__ASSIGNMENT__: Pictures are to be left out, and only the lines below starting at the one with "Leicester secure promotion" and ending at the one with "Sensa Schott Zwiesel" are to be reproduced, each exactly, both ends included.

__ENTRIES SUPPLIED__:
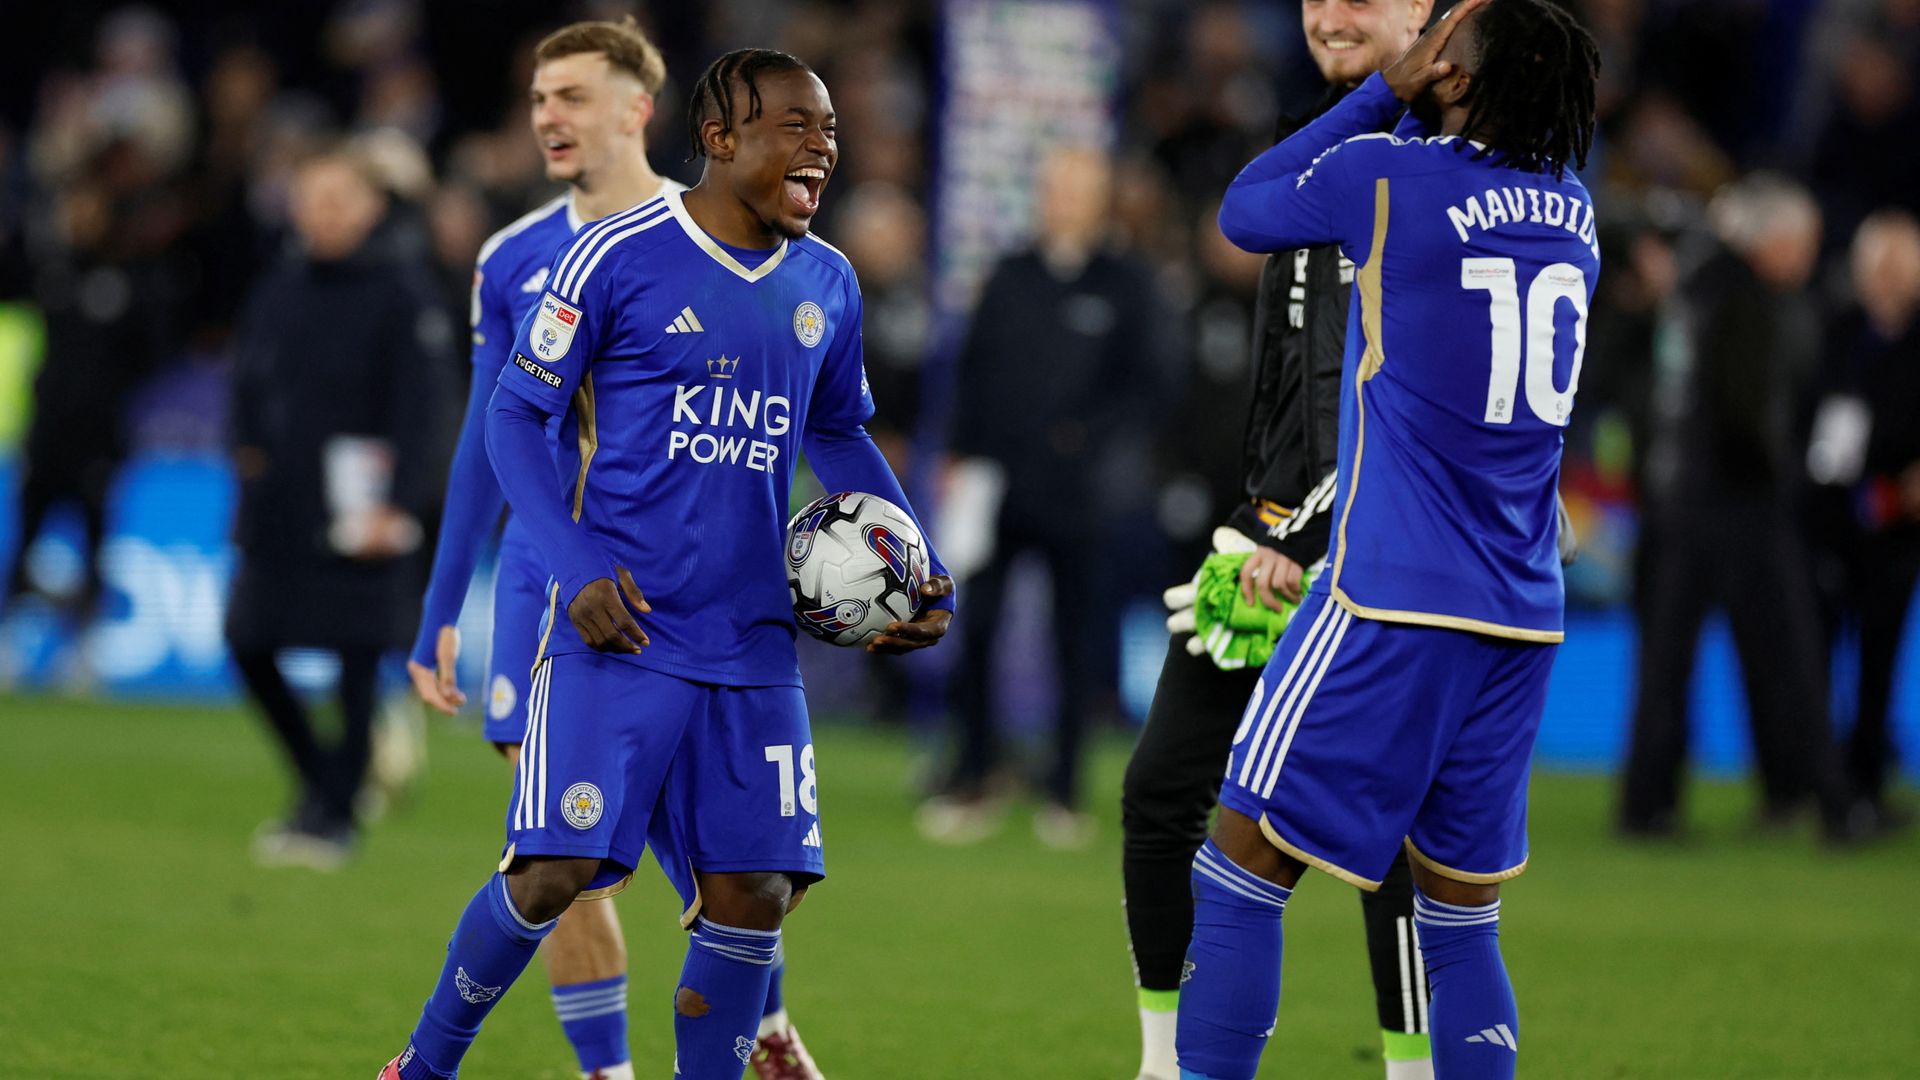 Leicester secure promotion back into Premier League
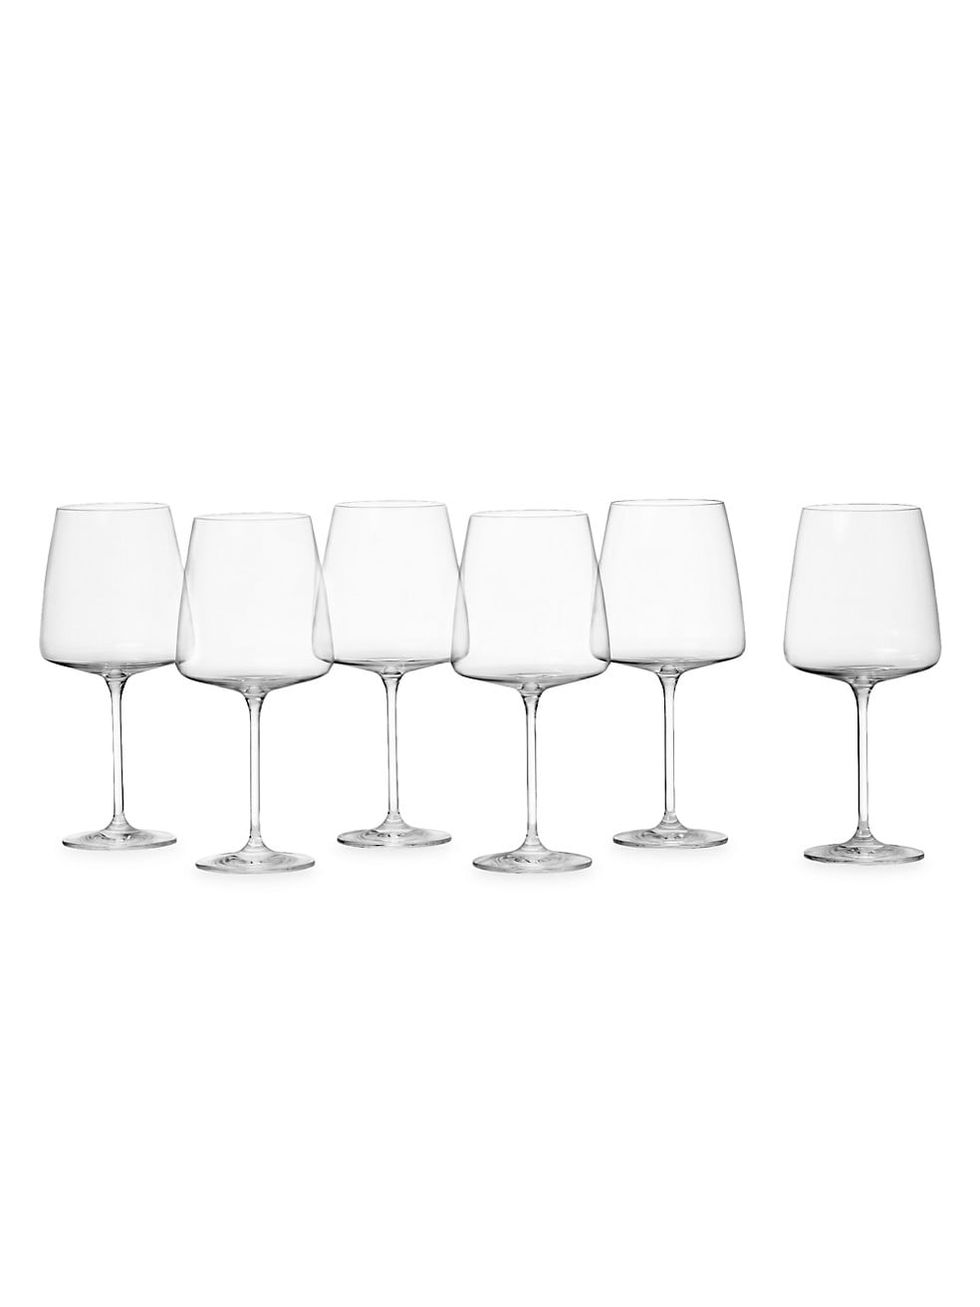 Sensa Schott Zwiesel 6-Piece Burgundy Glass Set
* * *
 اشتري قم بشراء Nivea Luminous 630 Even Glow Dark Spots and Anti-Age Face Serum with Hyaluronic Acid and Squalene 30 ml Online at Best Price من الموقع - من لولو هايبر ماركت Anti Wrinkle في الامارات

__EXERCISE OUTPUT__:
 Leicester secure promotion back into Premier League
 Sensa Schott Zwiesel 6-Piece Burgundy Glass Set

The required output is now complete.